----- Source material

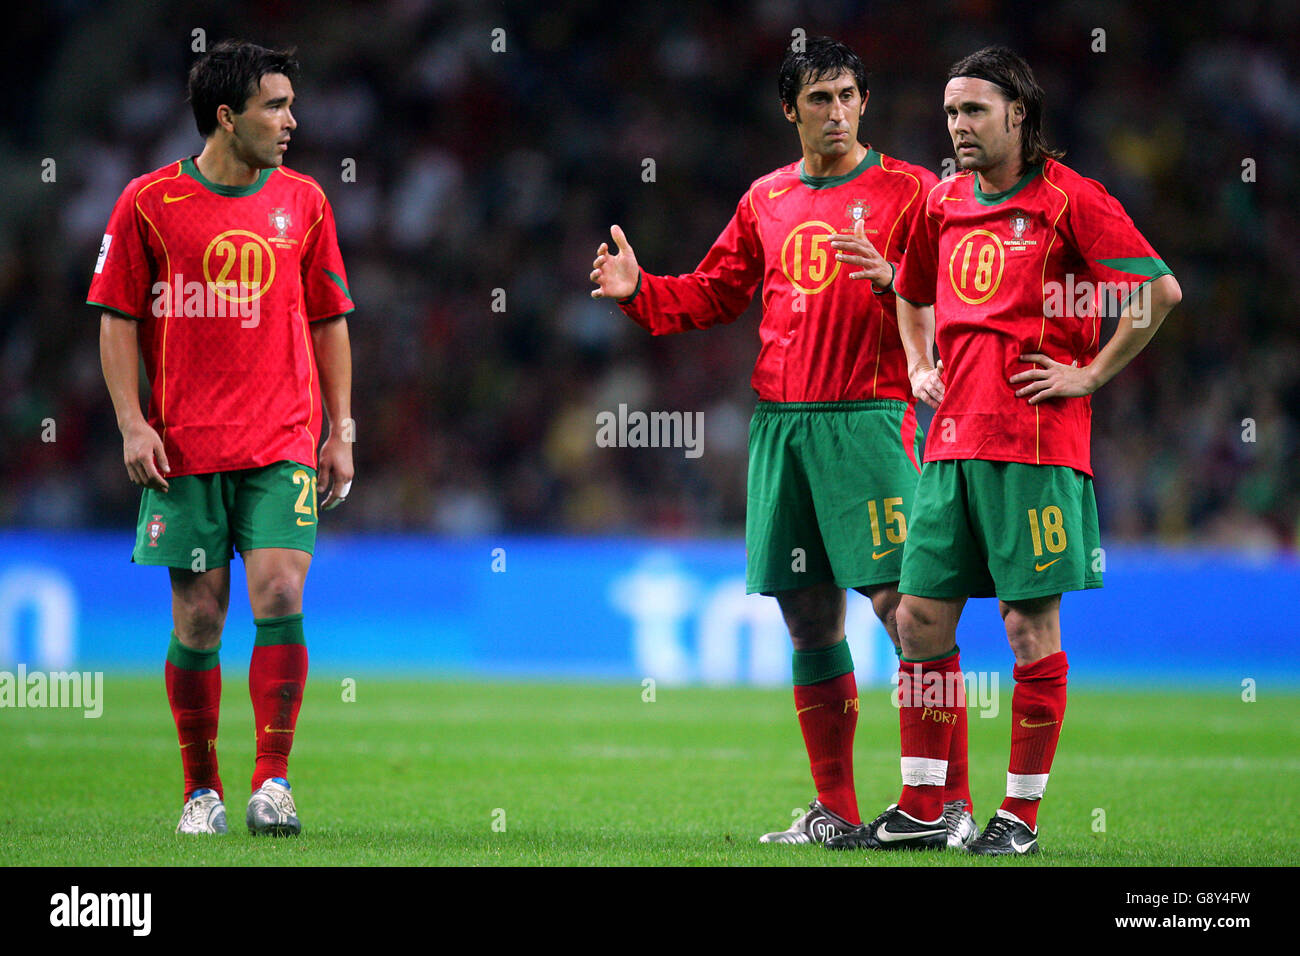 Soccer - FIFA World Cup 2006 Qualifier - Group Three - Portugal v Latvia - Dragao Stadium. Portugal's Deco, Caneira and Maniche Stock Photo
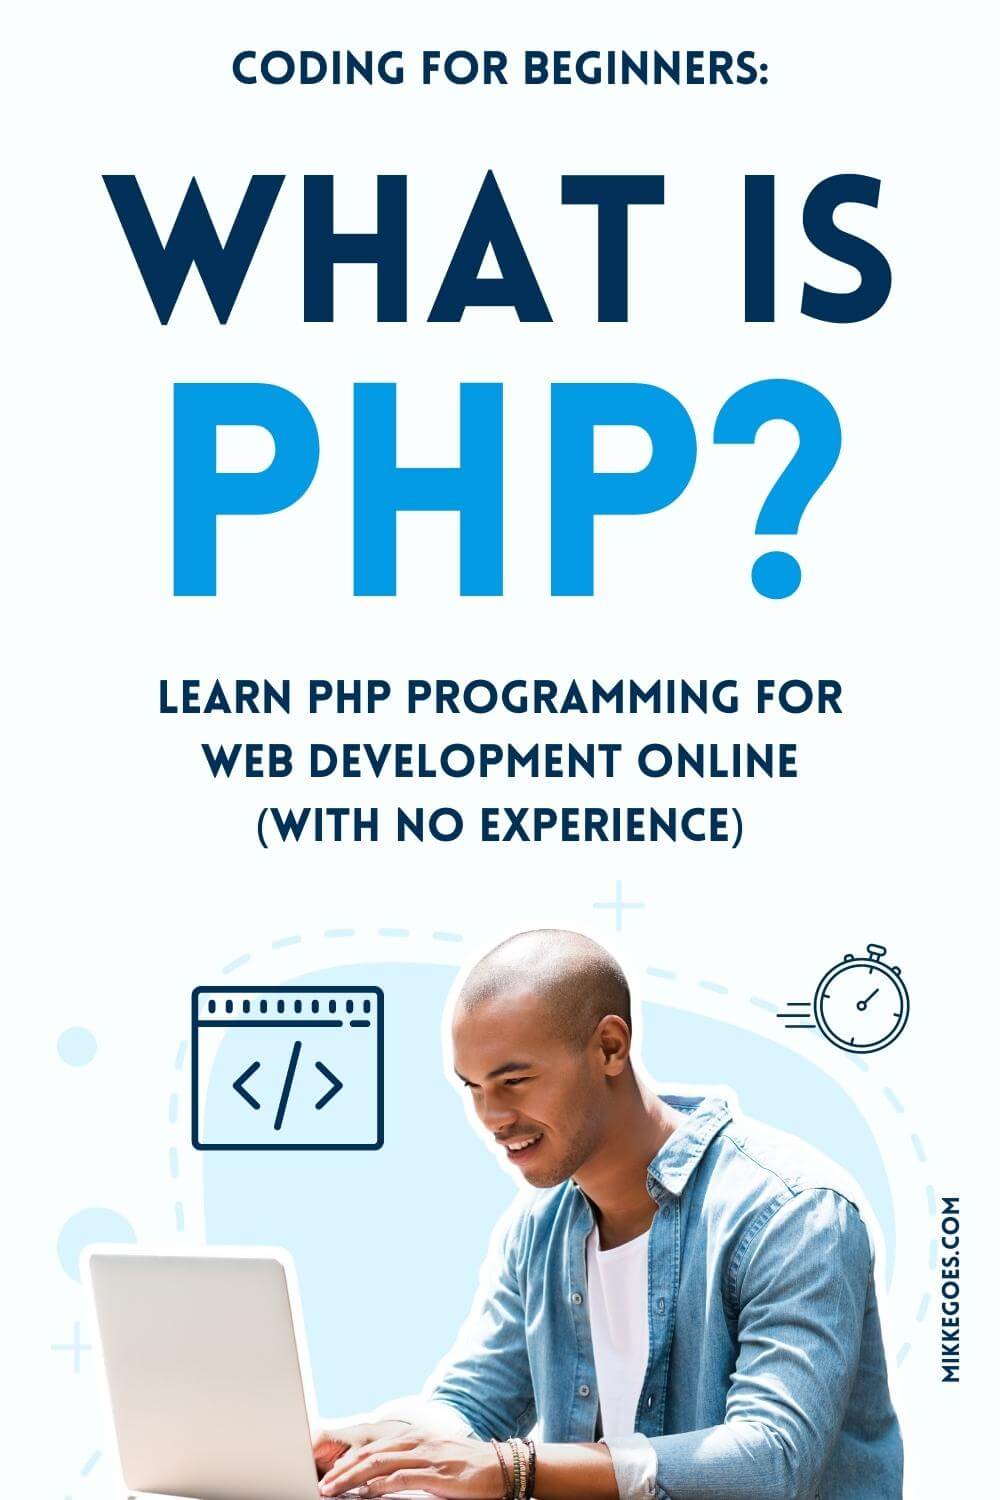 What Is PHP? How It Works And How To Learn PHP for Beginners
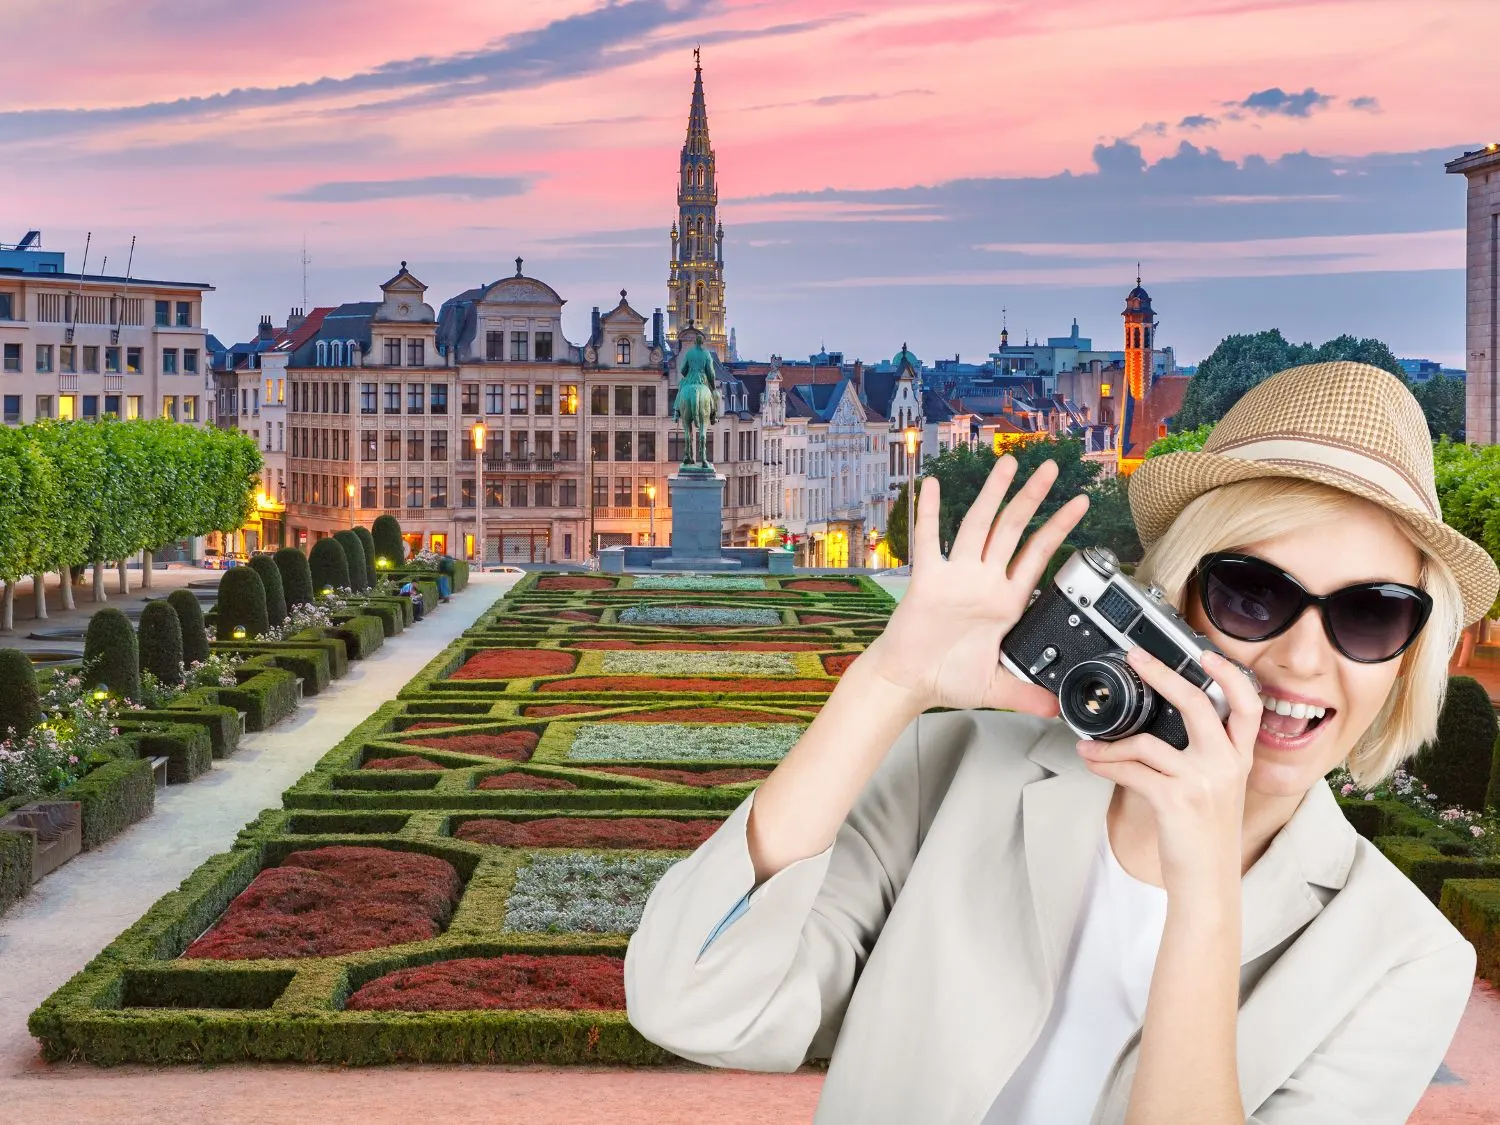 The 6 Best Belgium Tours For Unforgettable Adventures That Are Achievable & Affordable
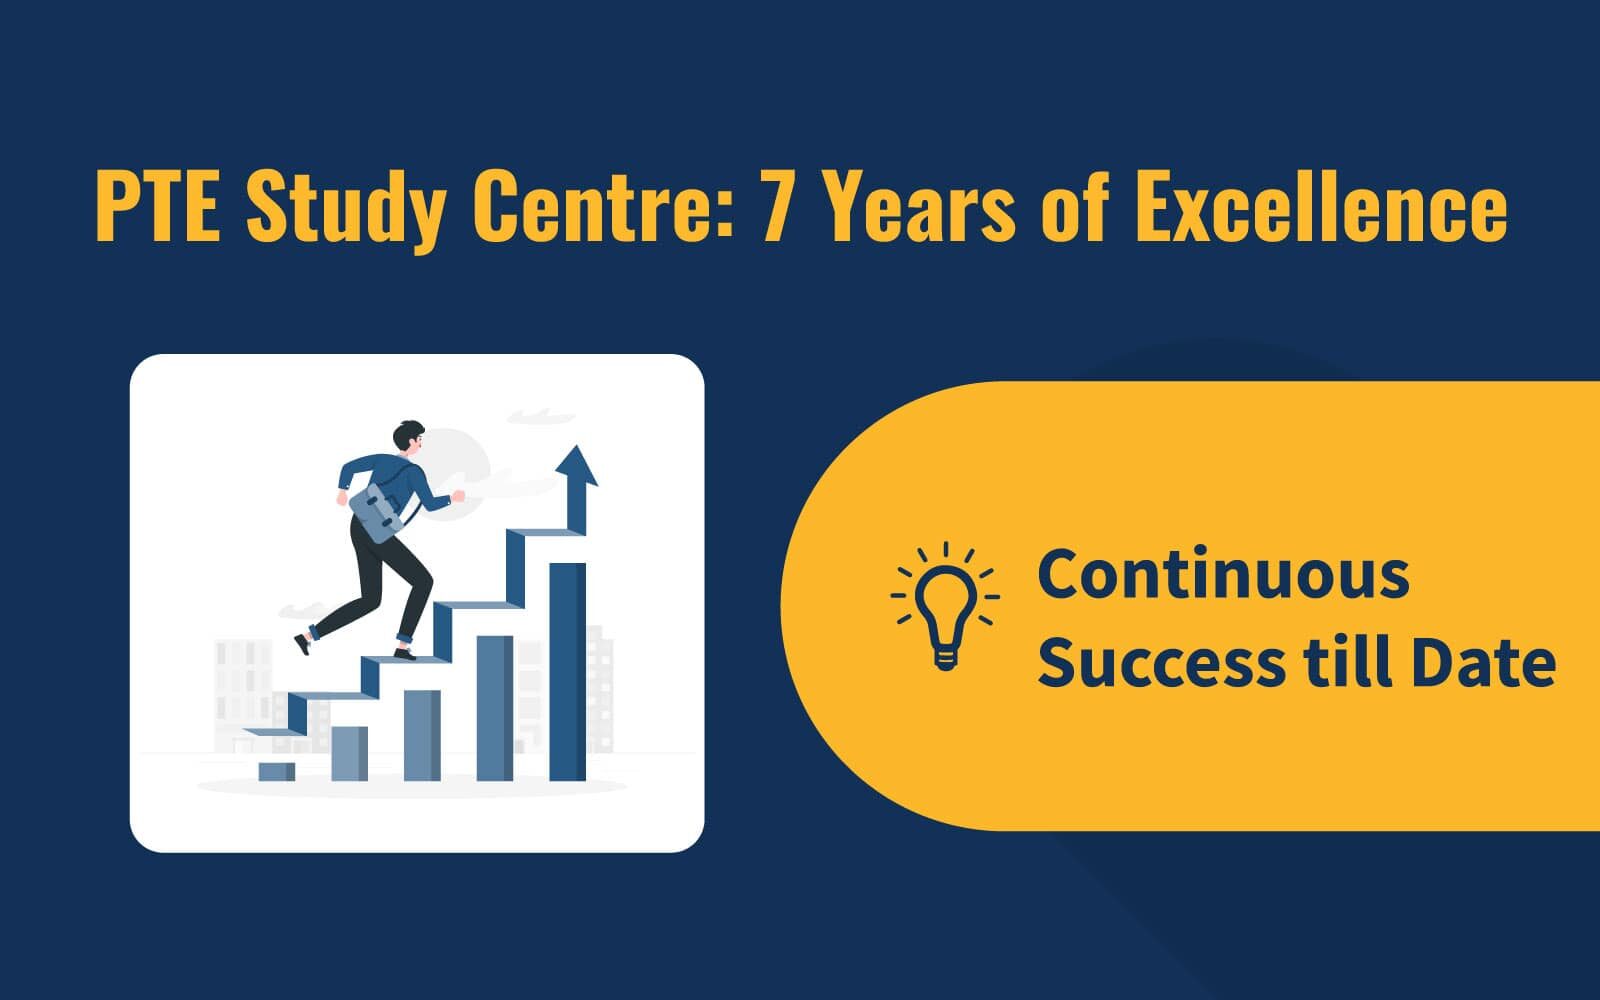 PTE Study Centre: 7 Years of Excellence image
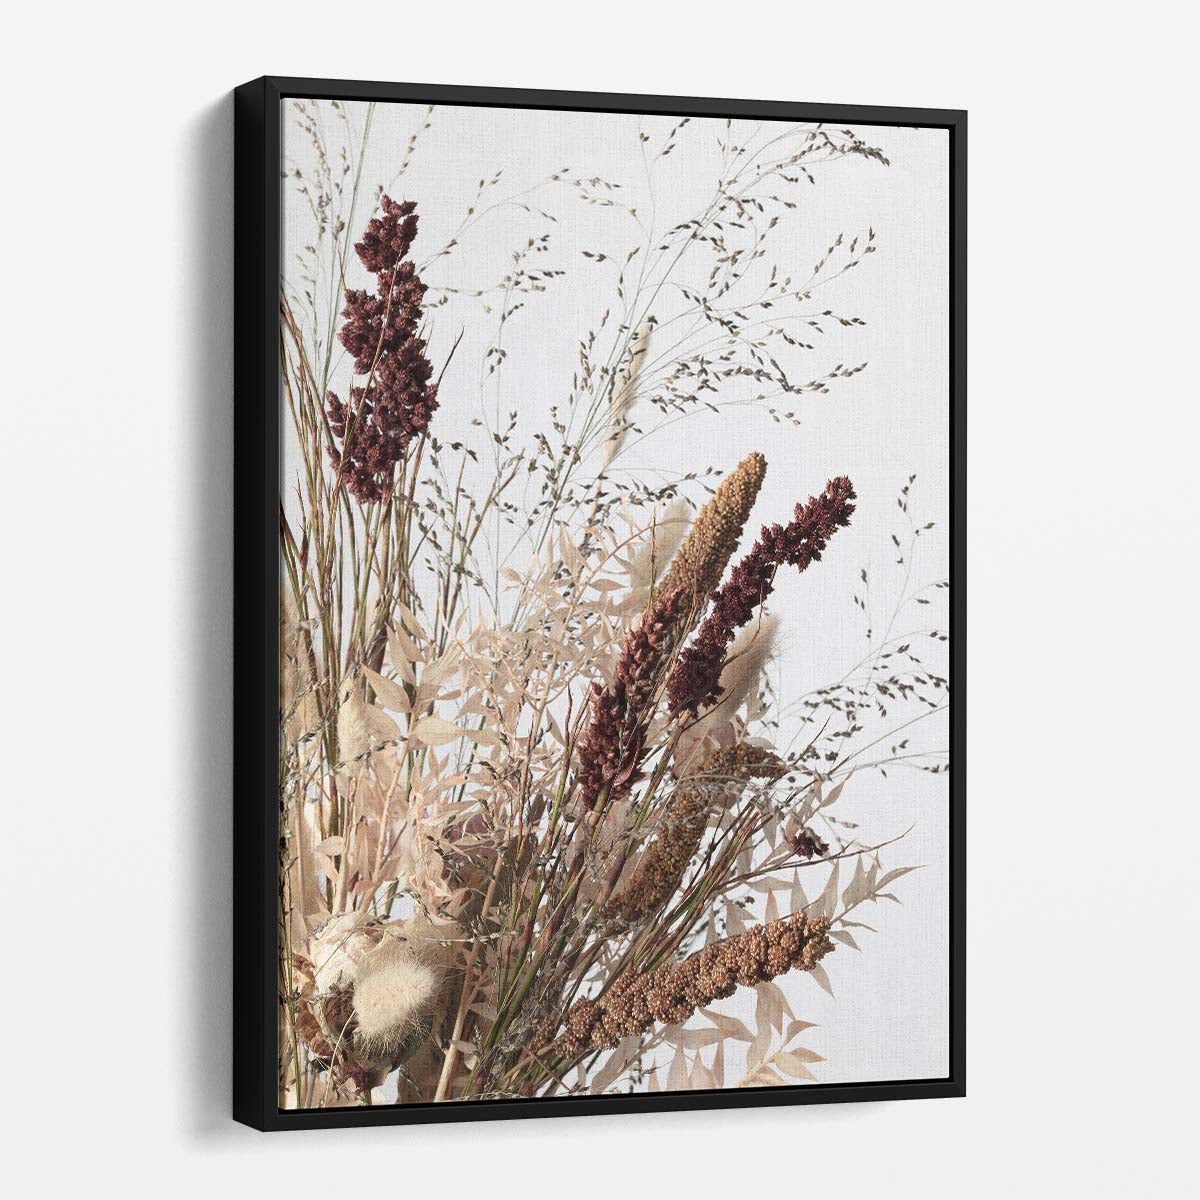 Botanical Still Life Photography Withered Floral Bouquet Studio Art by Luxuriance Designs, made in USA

----------

• _Exercise requirements_: Each record above goes into the copy word for word; the pictures do not.

• _Response to this exercise_:
 Soccer - FIFA World Cup 2006 Qualifier - Group Three - Portugal v Latvia - Dragao Stadium. Portugal's Deco, Caneira and Maniche Stock Photo
 What Is PHP? How It Works And How To Learn PHP for Beginners
 The 6 Best Belgium Tours For Unforgettable Adventures That Are Achievable & Affordable
 PTE Study Centre: 7 Years of Excellence image
 Botanical Still Life Photography Withered Floral Bouquet Studio Art by Luxuriance Designs, made in USA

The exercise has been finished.